Repeat the data in full and exactly. Leave the pictures out.

**Information provided**
--- START ---

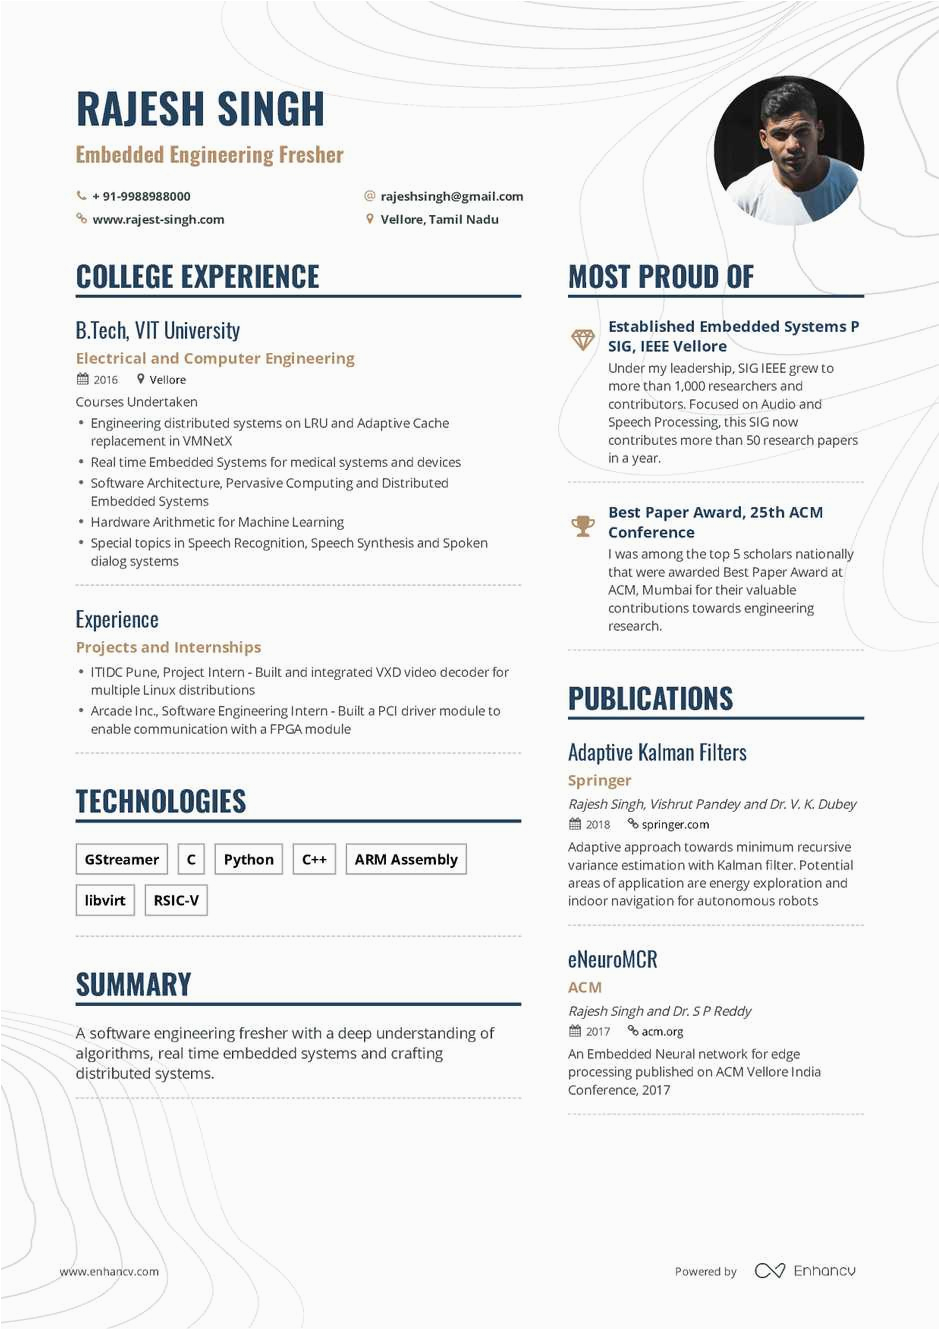 Sample Summary for Resume for Freshers the Best 2019 Fresher Resume formats and Samples
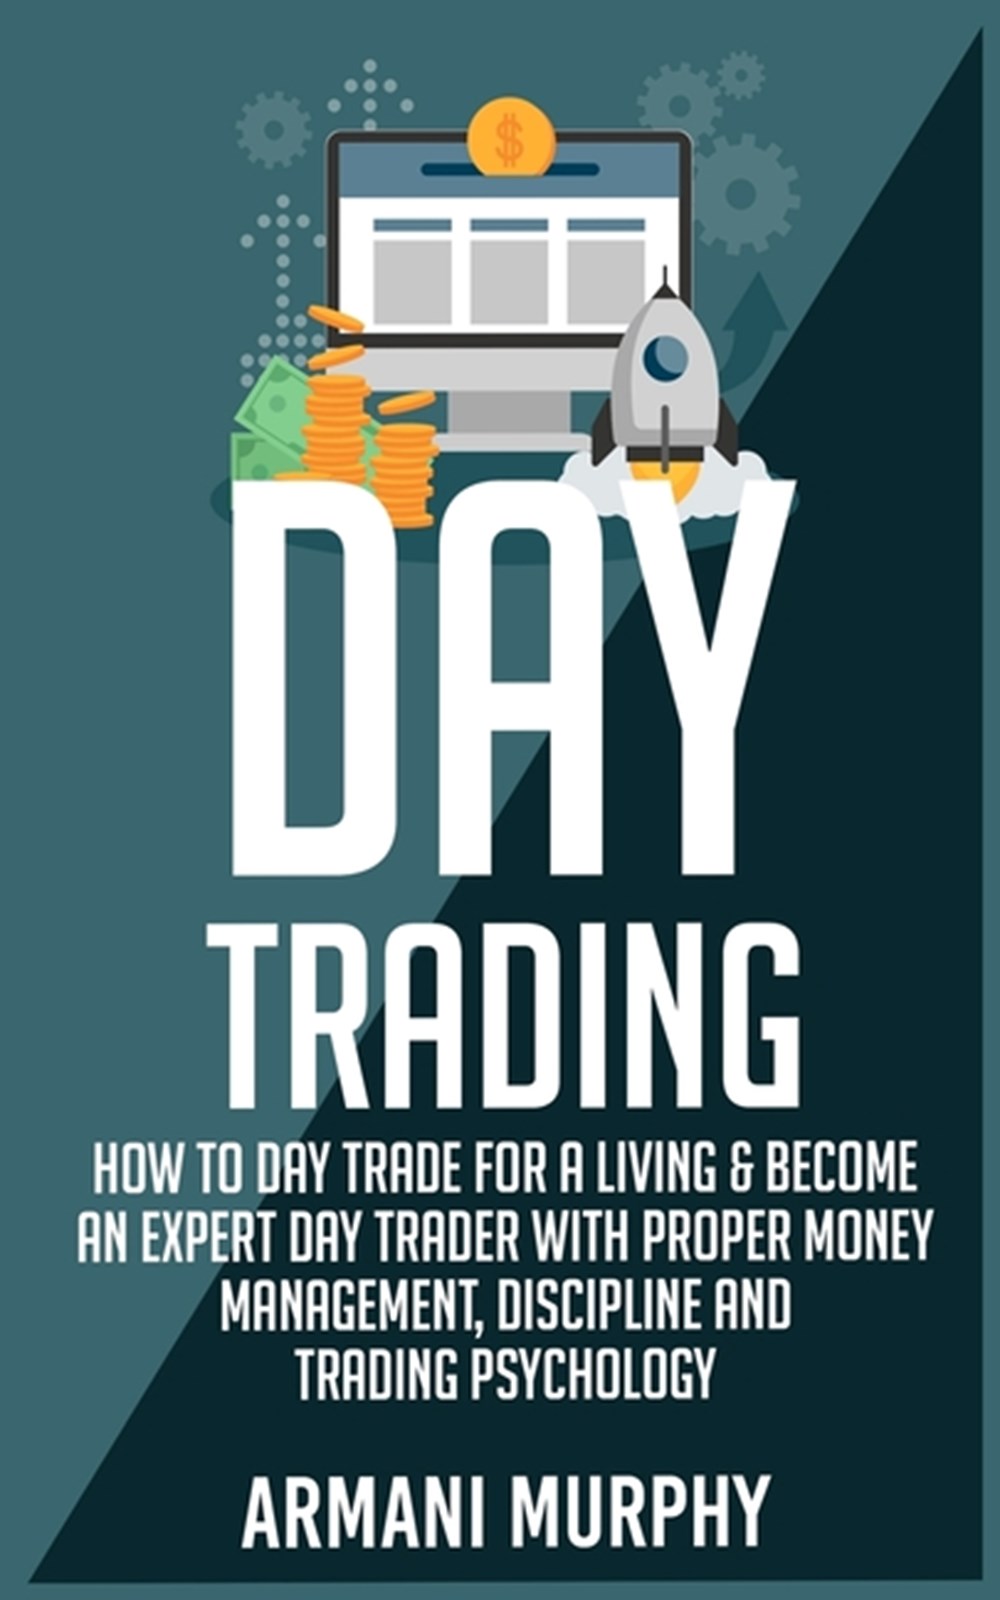 Day Trading in Paperback by Armani Murphy
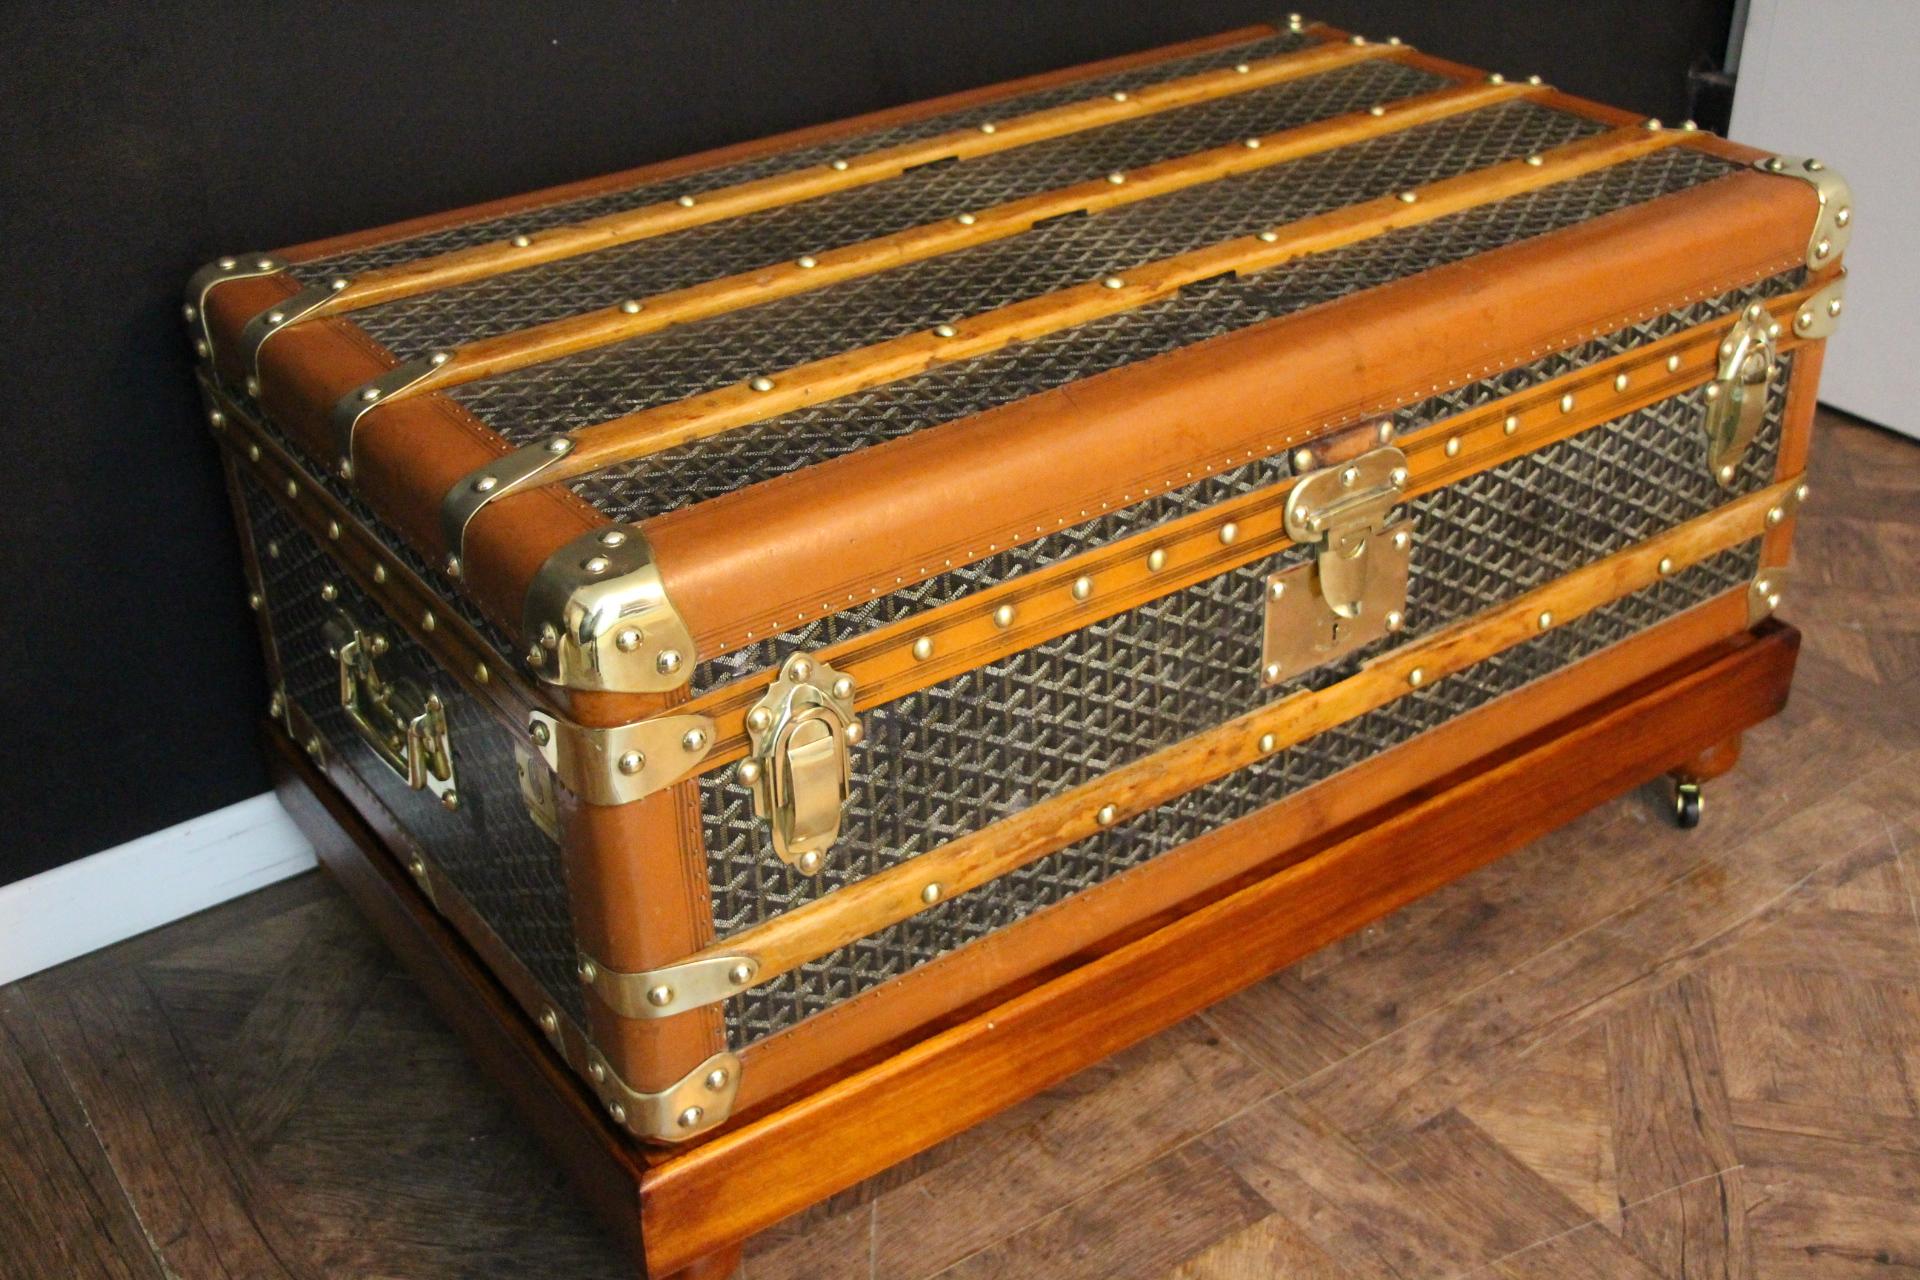 This superb Goyard steamer trunk features the very sought after chevrons canvas as well as all solid brass fittings: Goyard marked side handles and locks. Brass studs. It also has its brass Goyard plaques on each side. This trunk has many wood slats

--- END ---

**Problem solution**
 Sample Summary for Resume for Freshers the Best 2019 Fresher Resume formats and Samples
 Day Trading in Paperback by Armani Murphy
 This superb Goyard steamer trunk features the very sought after chevrons canvas as well as all solid brass fittings: Goyard marked side handles and locks. Brass studs. It also has its brass Goyard plaques on each side. This trunk has many wood slats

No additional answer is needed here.